Download or read book The Quarterly Review London written by and published by . This book was released on 1837 with total page 304 pages. Available in PDF, EPUB and Kindle. Book excerpt:
Download or read book The Poetical Works of Elizabeth Barret Browning with Two Prose Essays written by Elizabeth Barrett Browning and published by . This book was released on 1916 with total page 684 pages. Available in PDF, EPUB and Kindle. Book excerpt:
Download or read book Our Conrad written by Peter Mallios and published by Stanford University Press. This book was released on 2010-09-21 with total page 485 pages. Available in PDF, EPUB and Kindle. Book excerpt: Our Conrad is about the American reception of Joseph Conrad and its crucial role in the formation of American modernism. Although Conrad did not visit the country until a year before his death, his fiction served as both foil and mirror to America's conception of itself and its place in the world. Peter Mallios reveals the historical and political factors that made Conrad's work valuable to a range of prominent figures—including Fitzgerald, Faulkner, Richard Wright, Woodrow Wilson, and Theodore and Edith Roosevelt—and explores regional differences in Conrad's reception. He proves that foreign-authored writing can be as integral a part of United States culture as that of any native. Arguing that an individual writer's apparent (national, gendered, racial, political) identity is not always a good predictor of the diversity of voices and dialogues to which he gives rise, this exercise in transnational comparativism participates in post-Americanist efforts to render American Studies less insular and parochial.

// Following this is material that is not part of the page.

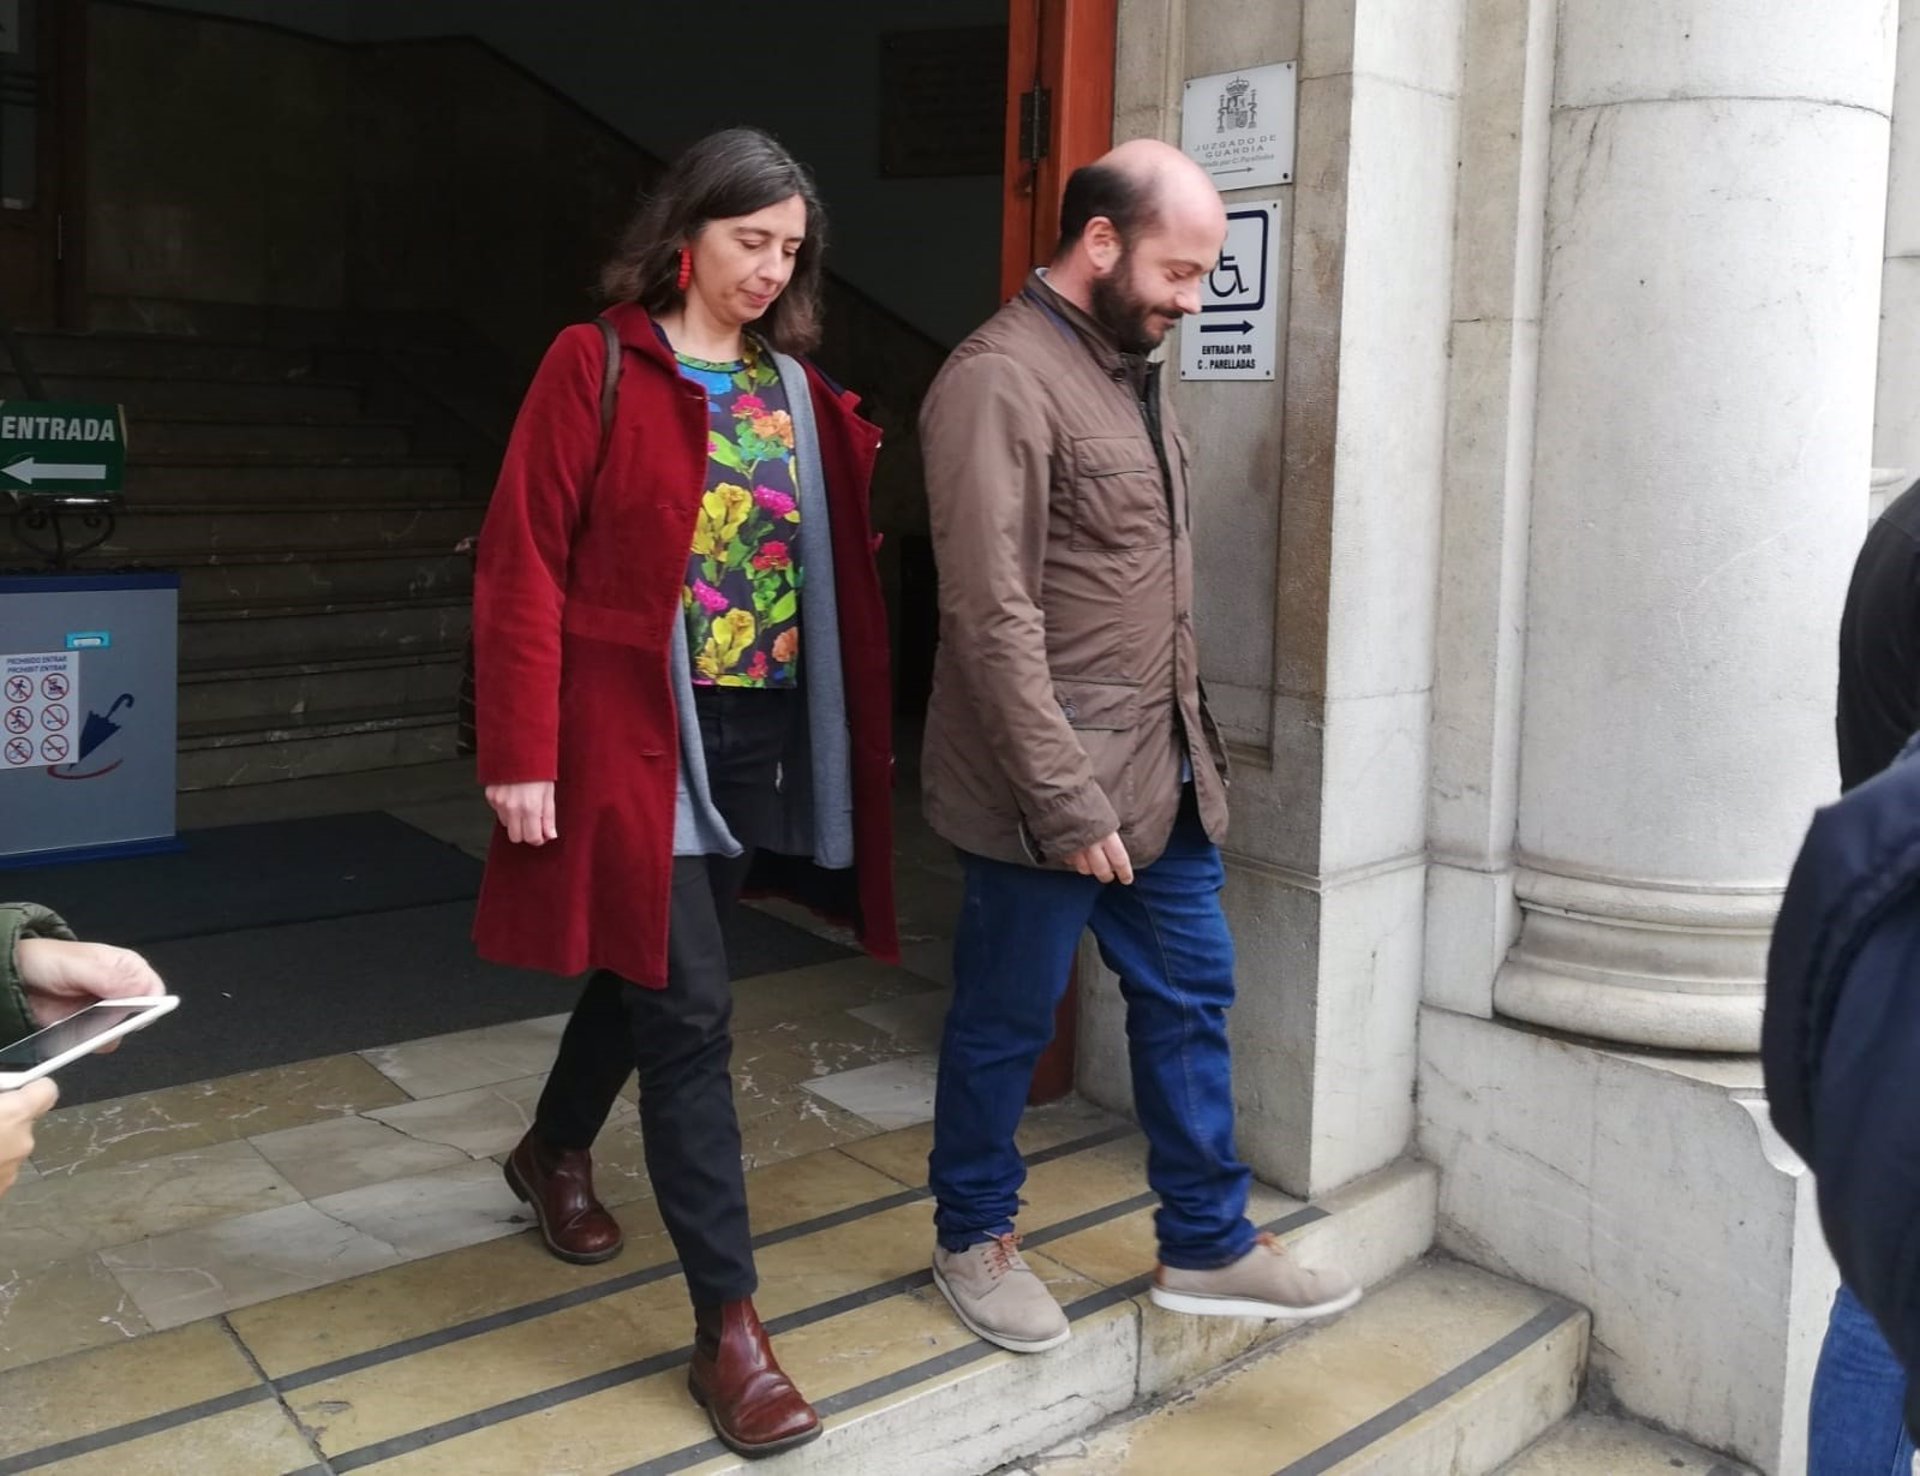 La expresidenta de Emaya, Neus Truyol, saliendo del juzgado tras declarar por la investigación sobre los vertidos de aguas fecales a la Bahía de Palma, a 14 de febrero de 2020.

Download or read book African American Literature in Transition 1850 1865 Volume 4 1850 1865 written by Teresa Zackodnik and published by Cambridge University Press. This book was released on 2021-05-13 with total page 707 pages. Available in PDF, EPUB and Kindle. Book excerpt: The period of 1850-1865 consisted of violent struggle and crisis as the United States underwent the prodigious transition from slaveholding to ostensibly 'free' nation. This volume reframes mid-century African American literature and challenges our current understandings of both African American and American literature. It presents a fluid tradition that includes history, science, politics, economics, space and movement, the visual, and the sonic. Black writing was highly conscious of transnational and international politics, textual circulation, and revolutionary imaginaries. Chapters explore how Black literature was being produced and circulated; how and why it marked its relation to other literary and expressive traditions; what geopolitical imaginaries it facilitated through representation; and what technologies, including print, enabled African Americans to pursue such a complex and ongoing aesthetic and political project.